*** Opening of Records provided ***

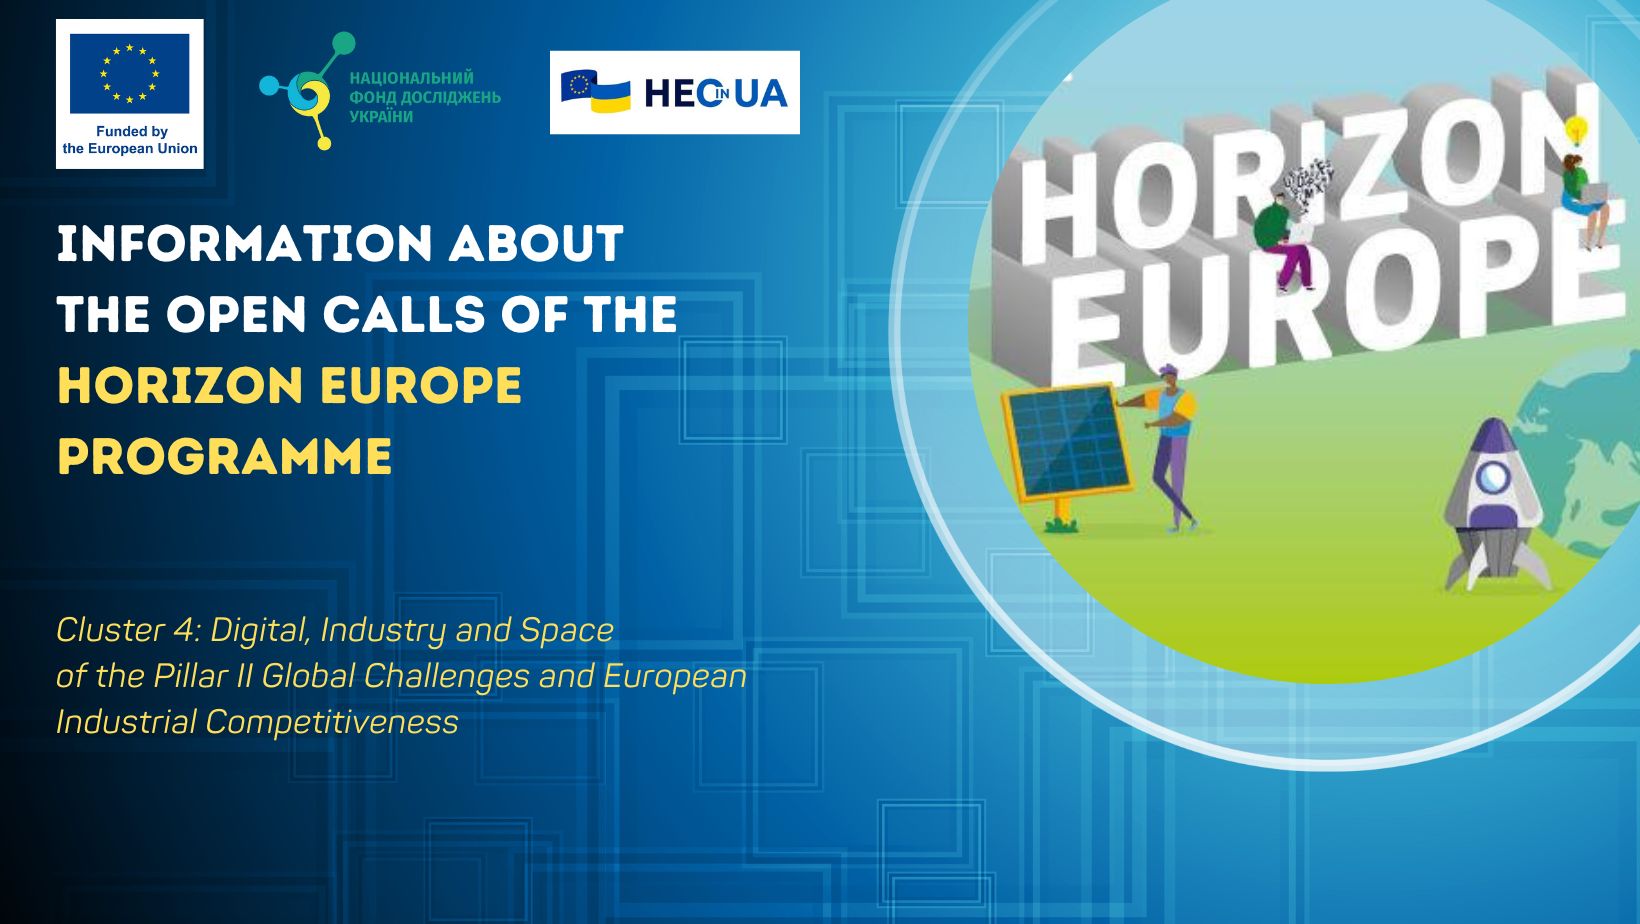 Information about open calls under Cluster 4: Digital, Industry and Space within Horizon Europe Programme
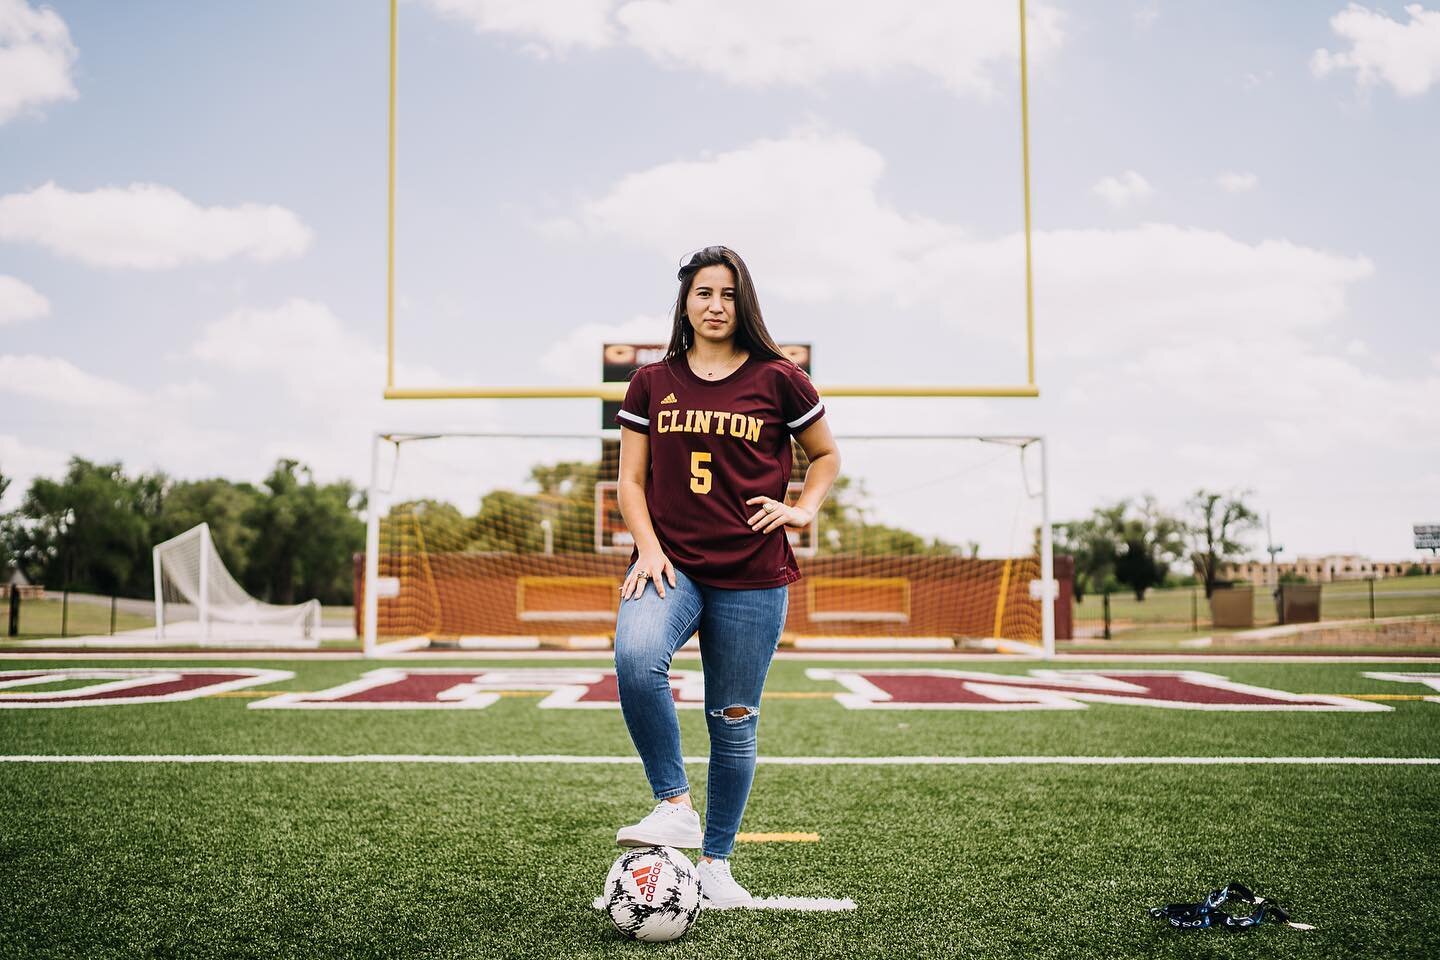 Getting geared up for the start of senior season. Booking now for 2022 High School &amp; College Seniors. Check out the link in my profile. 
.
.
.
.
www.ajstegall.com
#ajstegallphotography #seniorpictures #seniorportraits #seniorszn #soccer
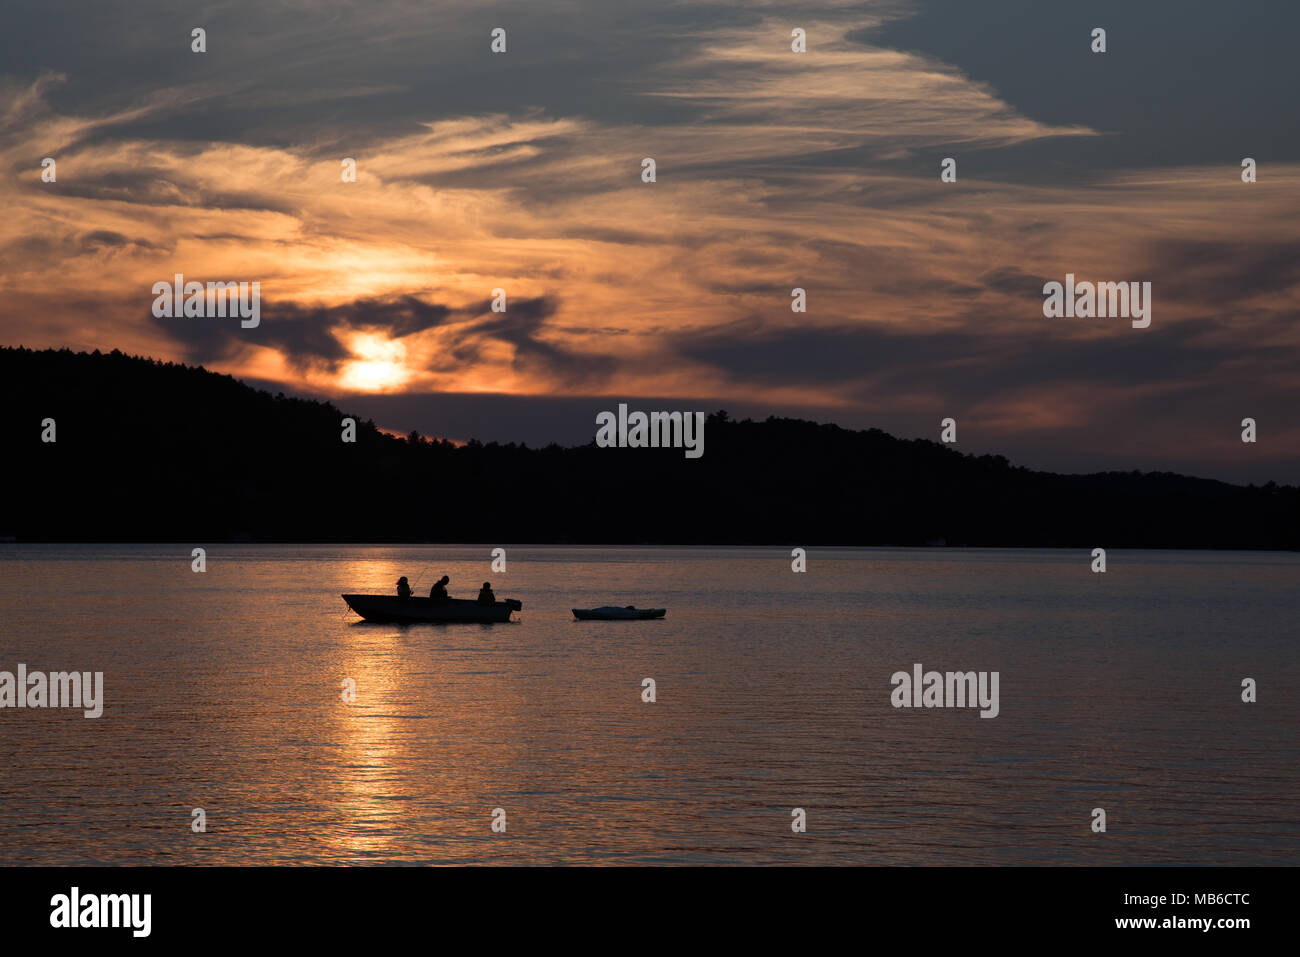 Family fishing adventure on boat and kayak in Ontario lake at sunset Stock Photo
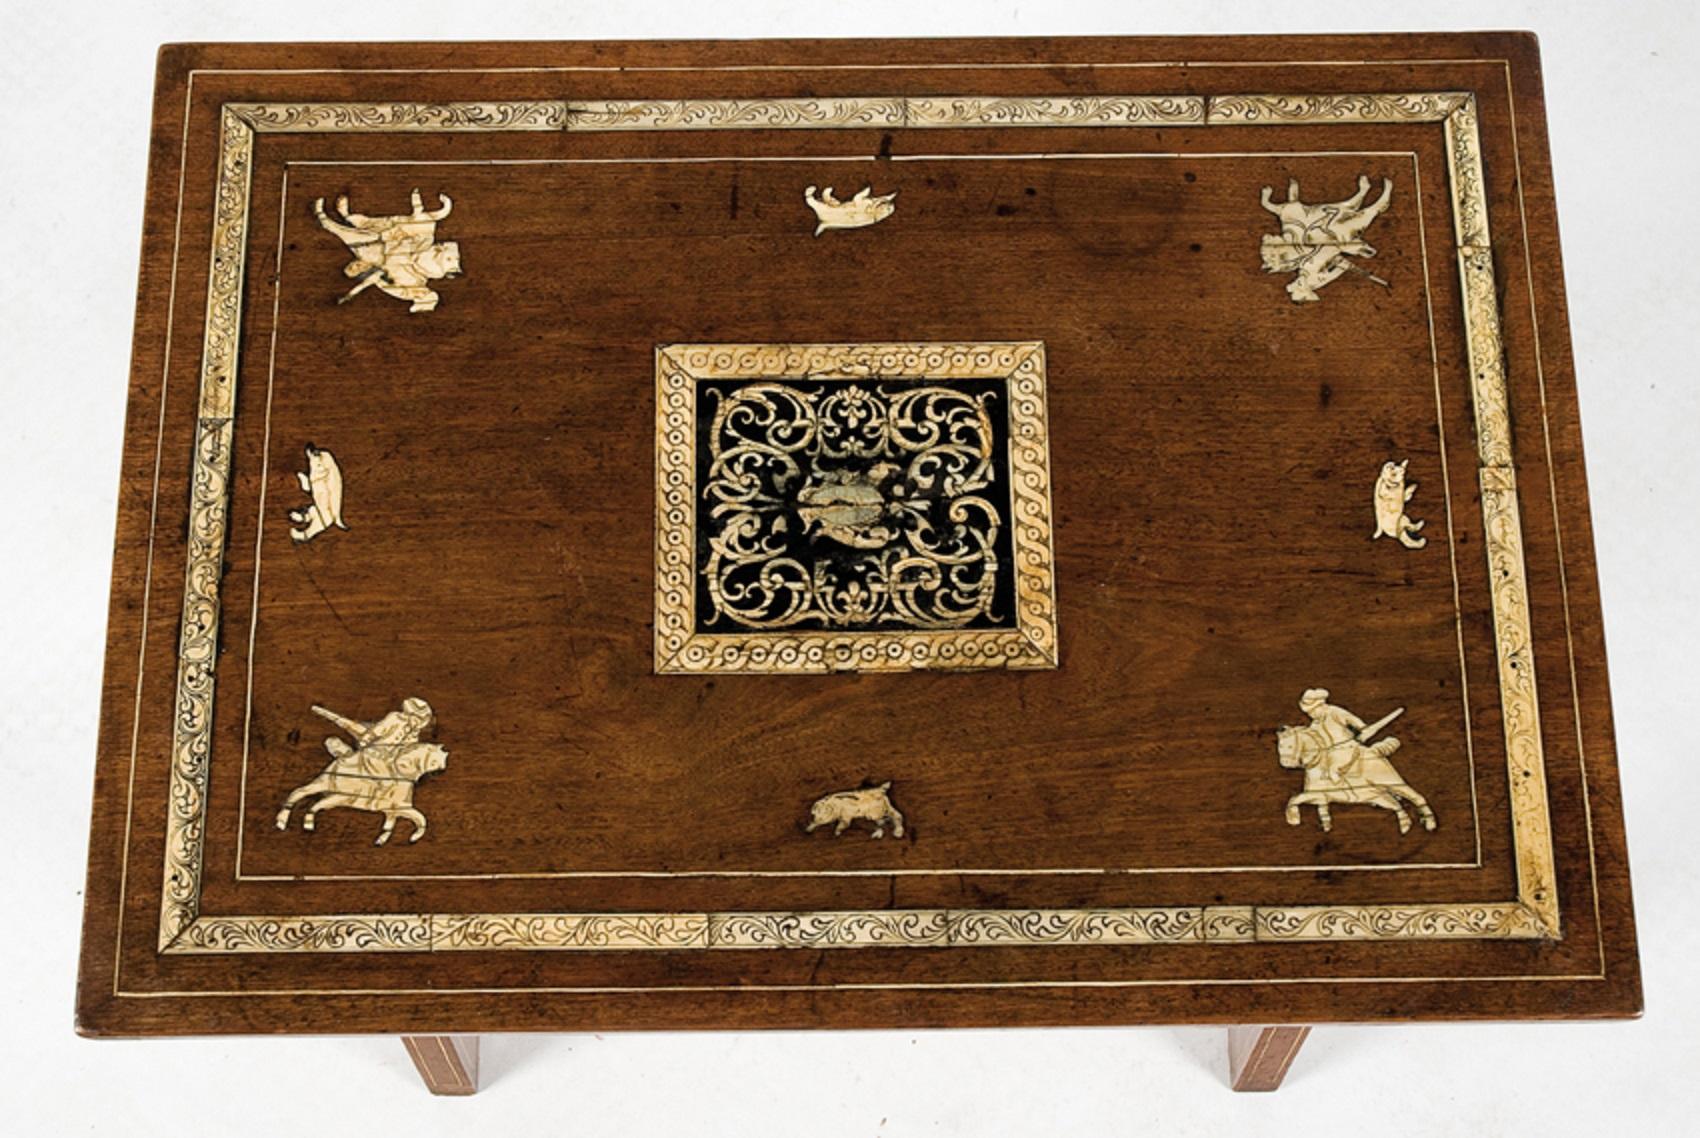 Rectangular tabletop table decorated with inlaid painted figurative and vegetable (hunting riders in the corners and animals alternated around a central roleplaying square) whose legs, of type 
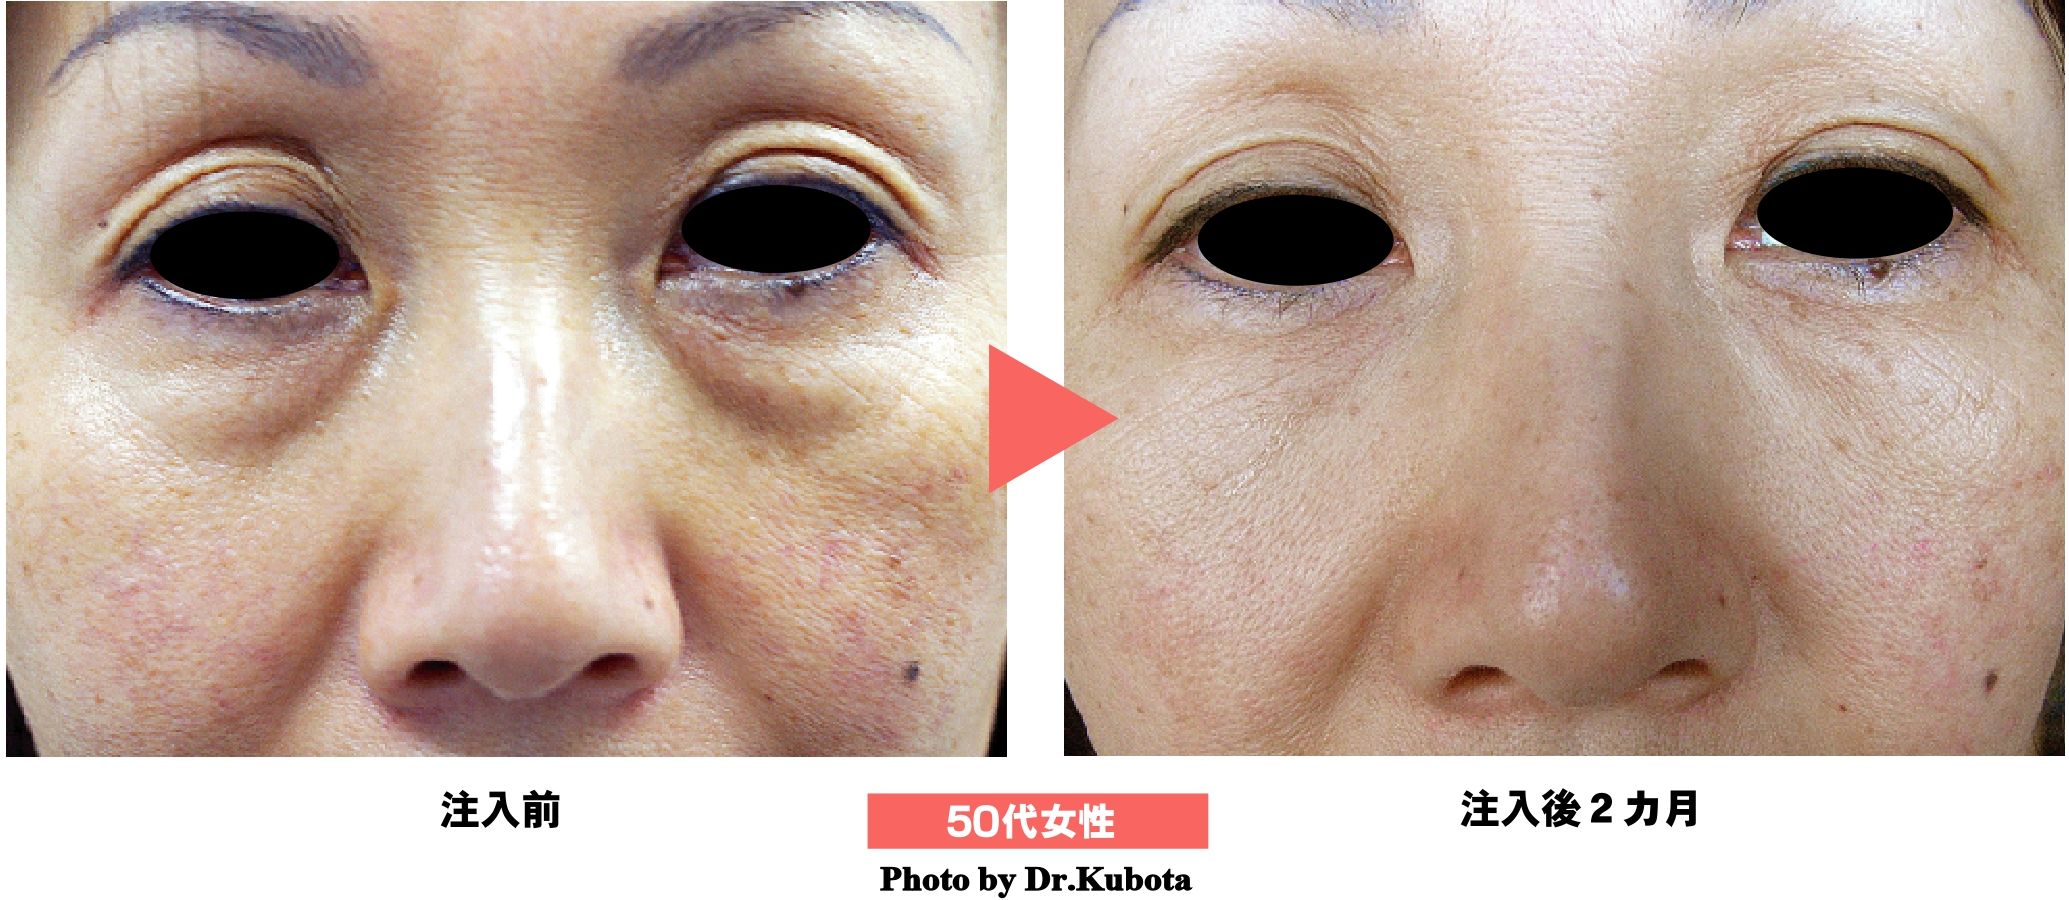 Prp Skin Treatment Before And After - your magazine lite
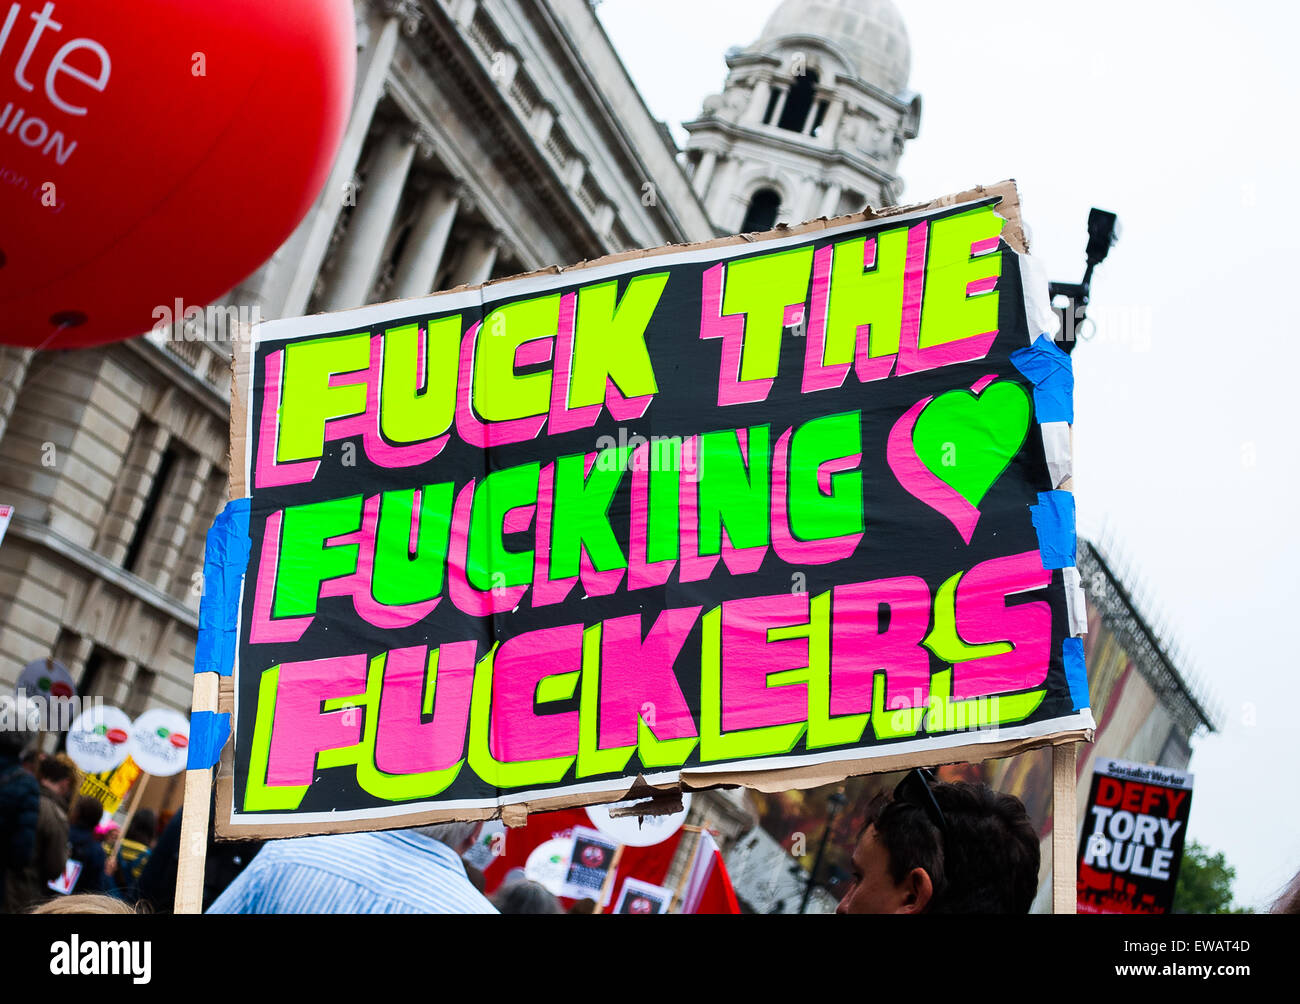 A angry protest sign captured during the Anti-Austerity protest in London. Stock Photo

*** Close of Records provided ***

- **Your objective**:
Set down every entry above exactly as written. Leave out all pictures.

- **Solved problem**:
 Information about open calls under Cluster 4: Digital, Industry and Space within Horizon Europe Programme
 Getting geared up for the start of senior season. Booking now for 2022 High School &amp; College Seniors. Check out the link in my profile. 
.
.
.
.
www.ajstegall.com
#ajstegallphotography #seniorpictures #seniorportraits #seniorszn #soccer
 Family fishing adventure on boat and kayak in Ontario lake at sunset Stock Photo
 Rectangular tabletop table decorated with inlaid painted figurative and vegetable (hunting riders in the corners and animals alternated around a central roleplaying square) whose legs, of type 
 Prp Skin Treatment Before And After - your magazine lite
 A angry protest sign captured during the Anti-Austerity protest in London. Stock Photo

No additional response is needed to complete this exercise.